Snowflake-Powered Deep Learning: Predicting Housing Prices in the Cloud

Data & Analytics

Last Updated: June 15, 2026

The way we approach machine learning is changing—and fast. Cloud data platforms like Snowflake are enabling machine learning to run directly where the data lives. Gone are the days of downloading datasets, moving them between platforms, and struggling with silos. With tools like Snowpark and frameworks like Keras, we can now build scalable, cloud-native machine learning workflows that are not only efficient but also production-ready. In this blog, we’ll walk you through building a deep learning model to predict housing prices using Snowflake as the data source. By the end, you’ll see how combining the power of Snowflake with deep learning simplifies workflows, drives insights, and sets the stage for modern machine learning innovation. Here’s what we’ll cover:

  • A quick dive into deep learning and why it makes sense for regression problems like housing price prediction.
  • How Snowflake, with Snowpark, supports machine learning
  • Building and evaluating a neural network model with
  • The key takeaways and lessons learned from this project.

Let’s dive in.

Why Deep Learning for Regression?

Let’s start with the basics. Regression problems are about predicting a continuous value—in this case, housing prices. Traditional approaches like linear regression work well for simple, linear datasets, but when the data gets messy, they hit their limits. Think about housing prices: they depend on a web of interrelated factors—income levels, proximity to the ocean, population density, and even the number of bedrooms in a house. These relationships aren’t always linear. Enter deep learning, which excels at capturing non-linear patterns and complex feature interactions. Deep learning models, powered by artificial neural networks (ANNs), mimic the way our brains process information. They use multiple layers of neurons to learn relationships that other models miss. And when paired with the right tools and data preprocessing, they can deliver predictions with remarkable accuracy.

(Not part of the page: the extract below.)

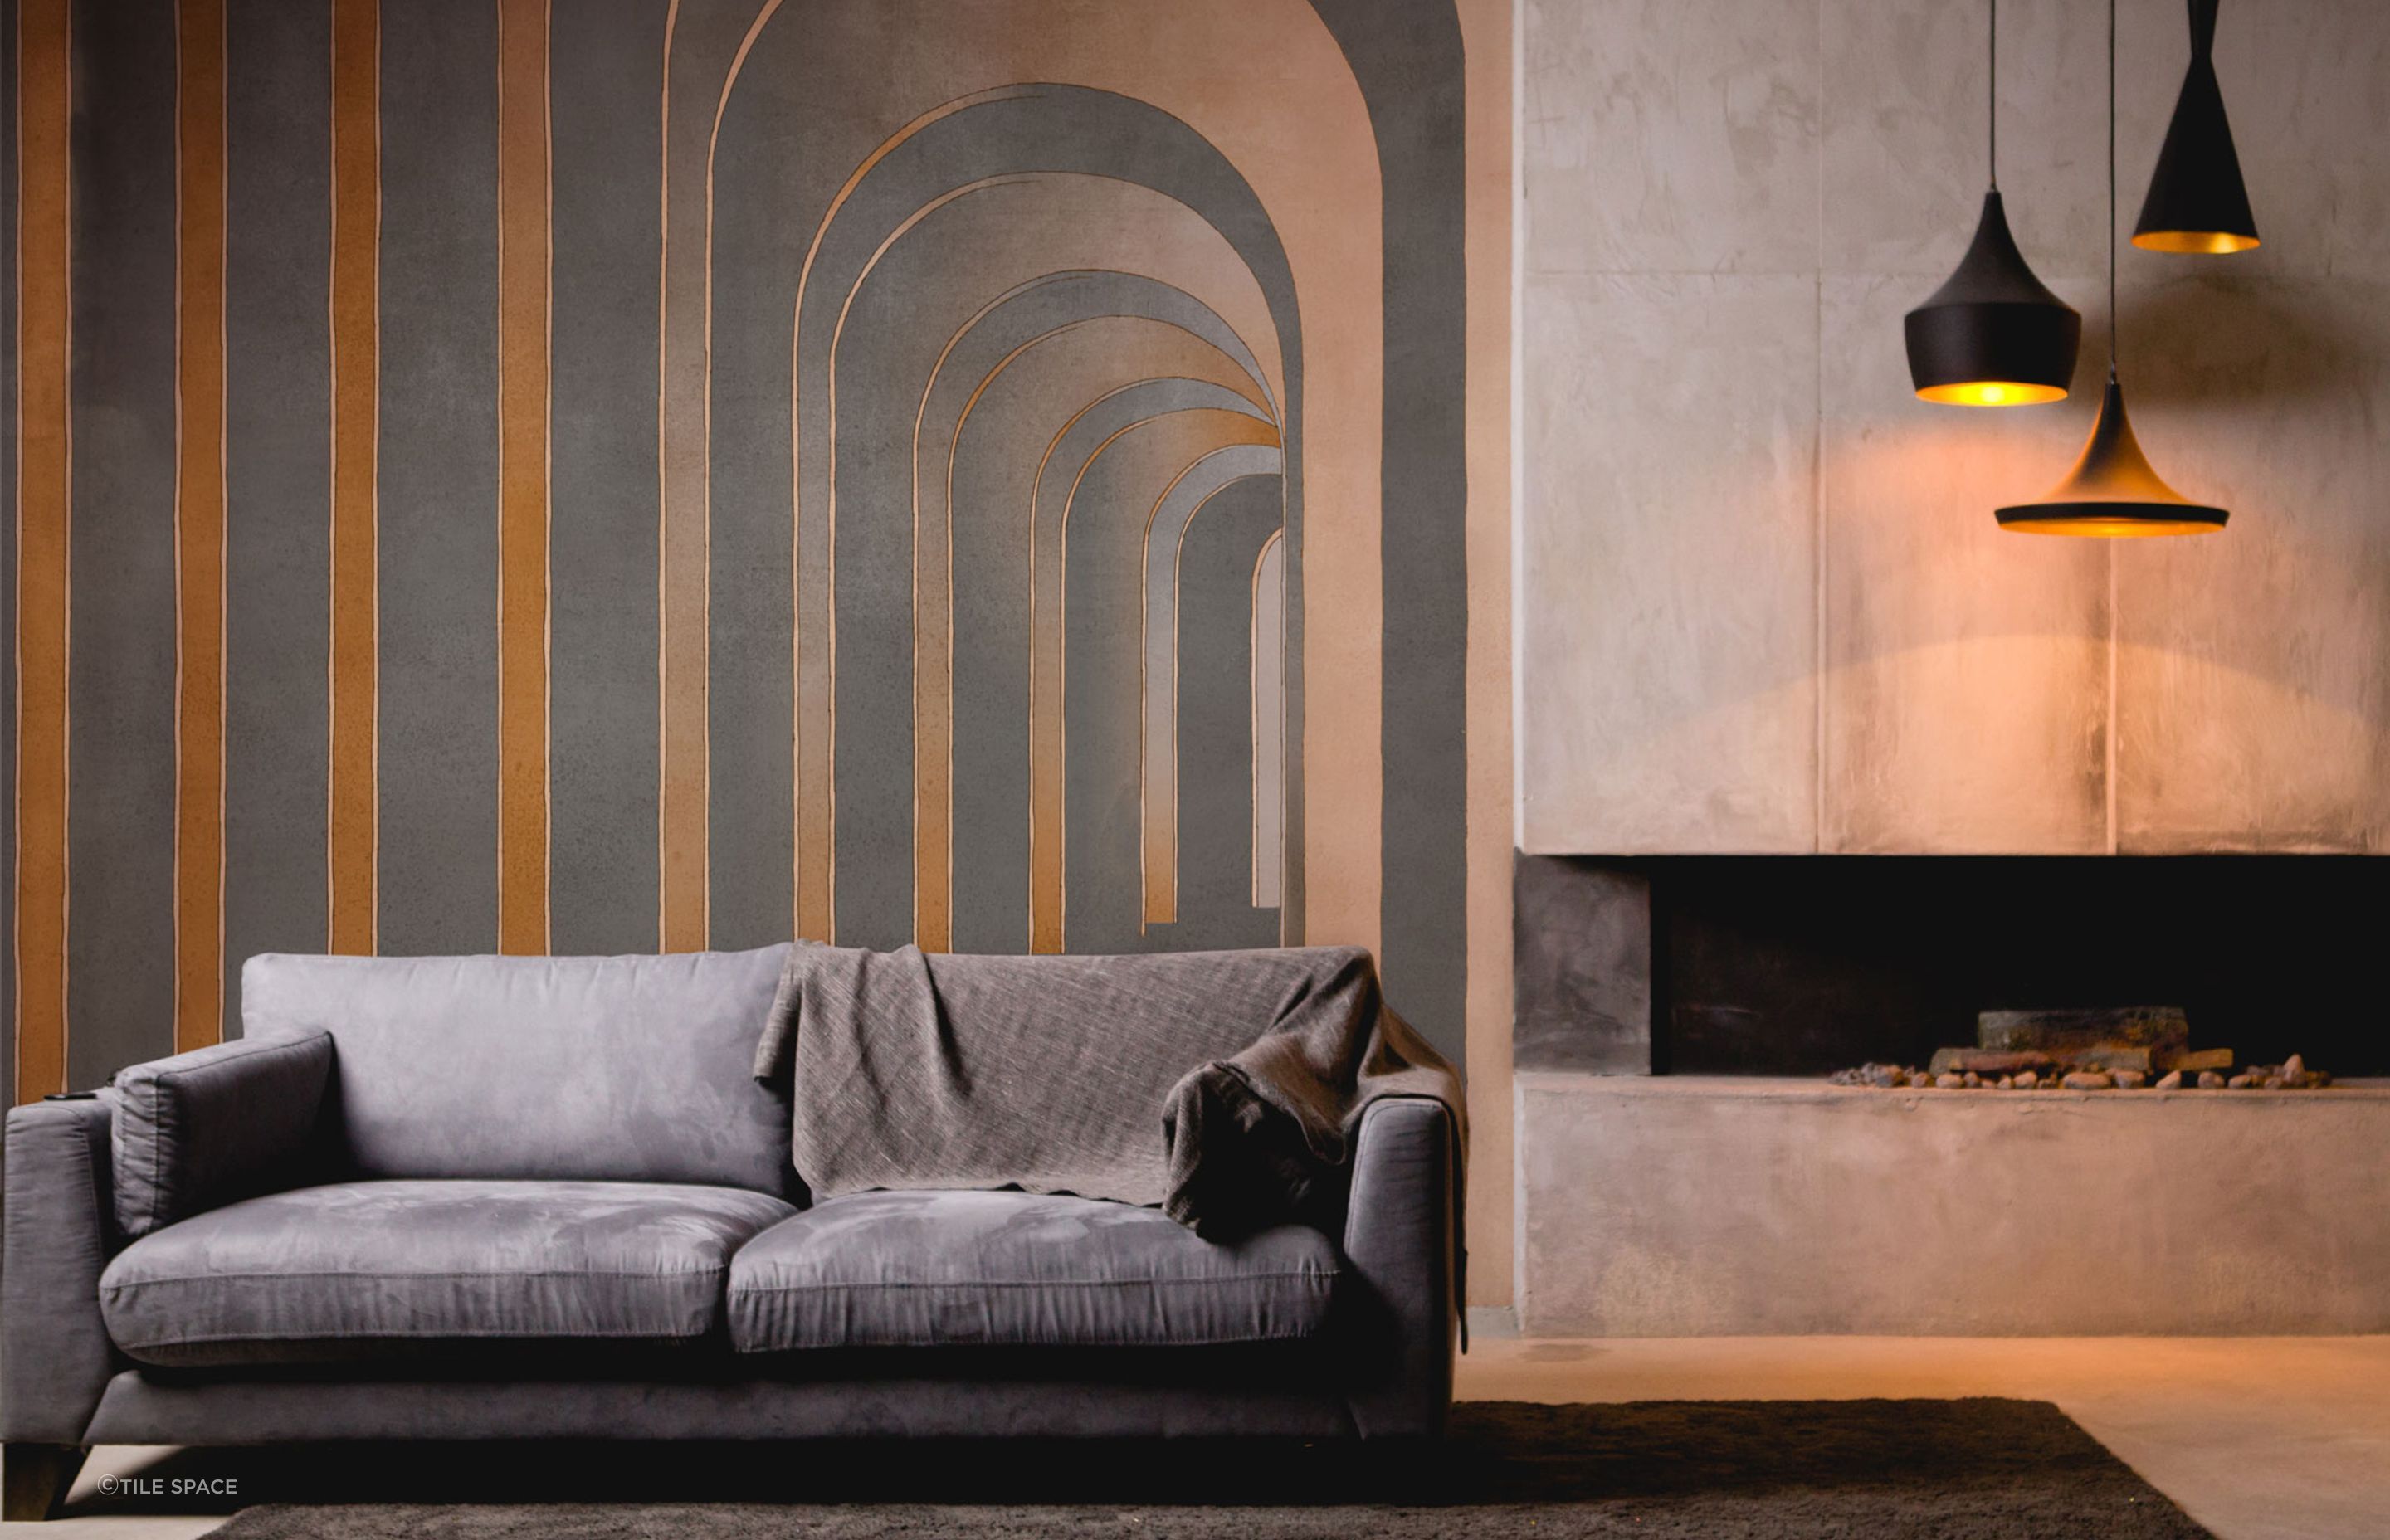 Introduce depth and dynamism to your space with the Technografica Italian Wallpaper collection.
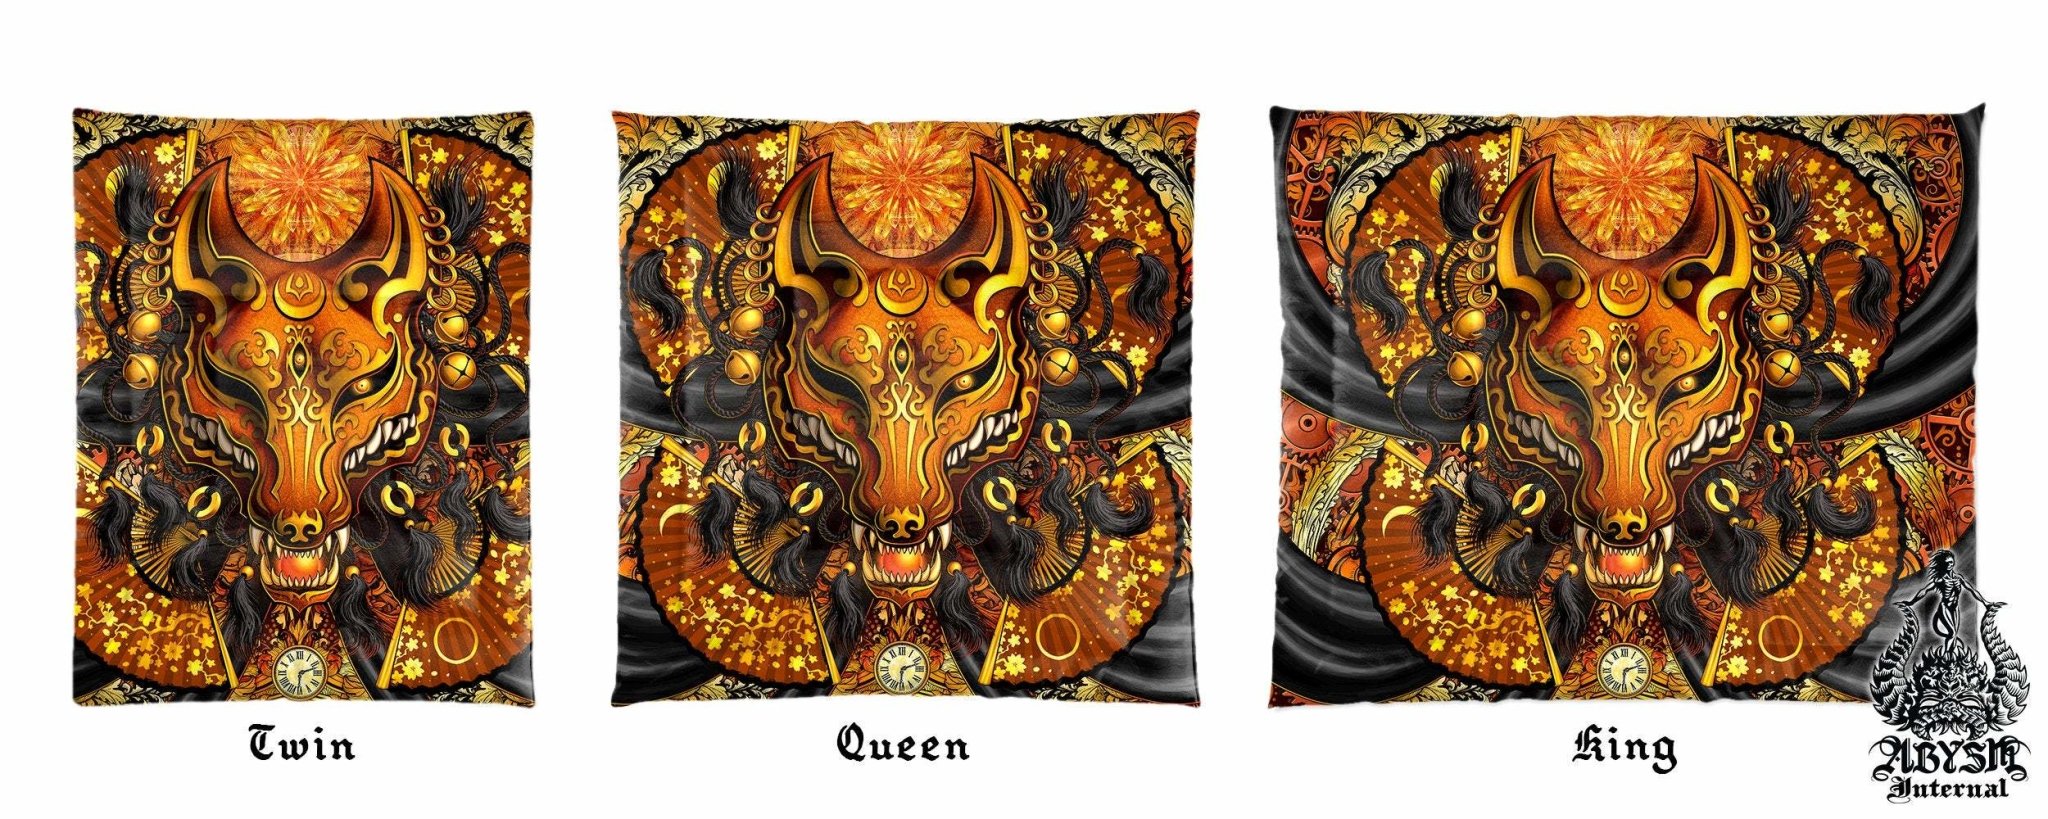 Kitsune Mask Bedding Set, Comforter and Duvet, Fox Okami and Anime Bed Cover and Bedroom Decor, King, Queen and Twin Size - Steampunk, Black - Abysm Internal

Why Snowflake for Machine Learning?

In machine learning, data access and scalability are often pain points. But these challenges disappear with Snowflake, a cloud-native data platform that goes beyond traditional data warehouses. Here’s how Snowflake stands out:

  • Scalability: It handles massive datasets effortlessly.
  • Seamless Python Integration: With Snowpark, developers can use Python APIs to work directly with Snowflake
  • In-Database Analytics: Forget about downloading data; Snowflake lets you query and process it in the cloud.
  • Efficiency and Security: Data stays where it lives, eliminating movement and reducing the risk of errors.

For this project, we used Snowflake to store and access the California Housing Dataset—a rich dataset ideal for predicting housing prices.

The Dataset: California Housing Data

Let’s talk about the data. The California Housing Dataset is a classic in the machine learning world. It includes features like:

  • Median Income: A key driver of housing prices.
  • House Age: Older homes may have different pricing trends.
  • Total Rooms and Bedrooms: Indicators of housing size.
  • Population Density: A measure of living conditions.
  • Ocean Proximity: A categorical feature that’s critical for coastal regions.

The target variable? Median House Value, which we aim to predict.

Building the Workflow: Step by Step

Here’s how we tackled the project.

Loading Data with Snowflake

Instead of downloading the dataset manually, we accessed it directly in Snowflake using Snowpark. This approach ensured our workflow was:

  • Scalable: Ready for production use without manual intervention.
  • Efficient: No need for data movement.
  • Cloud-native: Built for modern, distributed systems.

This seamless integration with Snowflake not only saved time but also simplified the setup process, allowing us to focus on modeling.

Exploratory Data Analysis (EDA)

No machine learning project is complete without EDA. Here’s what we did:

  • Checked the dataset shape: Ensured we had all columns and rows intact.
  • Identified missing values: Missing data were imputed using the median, which is robust to outliers.
  • Verified data types: Ensured all features were appropriately formatted for modeling.

 Feature Engineering

To make the dataset machine learning-ready, we performed a few key transformations:

  • Encoding Categorical Data: The OCEAN_PROXIMITY column was converted into numerical values since neural networks only process numbers.
  • Scaling Features: Neural networks are highly sensitive to scale. By standardizing the data (mean = 0, standard deviation = 1), we improved model performance.

Baseline Model: Linear Regression

Before diving into deep learning, we built a baseline model using Linear Regression. Why? Because starting simple helps us understand how much value a more complex model (like a neural network) adds. The baseline model gave us a benchmark for comparison. Its simplicity also made it easy to interpret and helped us understand the dataset’s basic structure.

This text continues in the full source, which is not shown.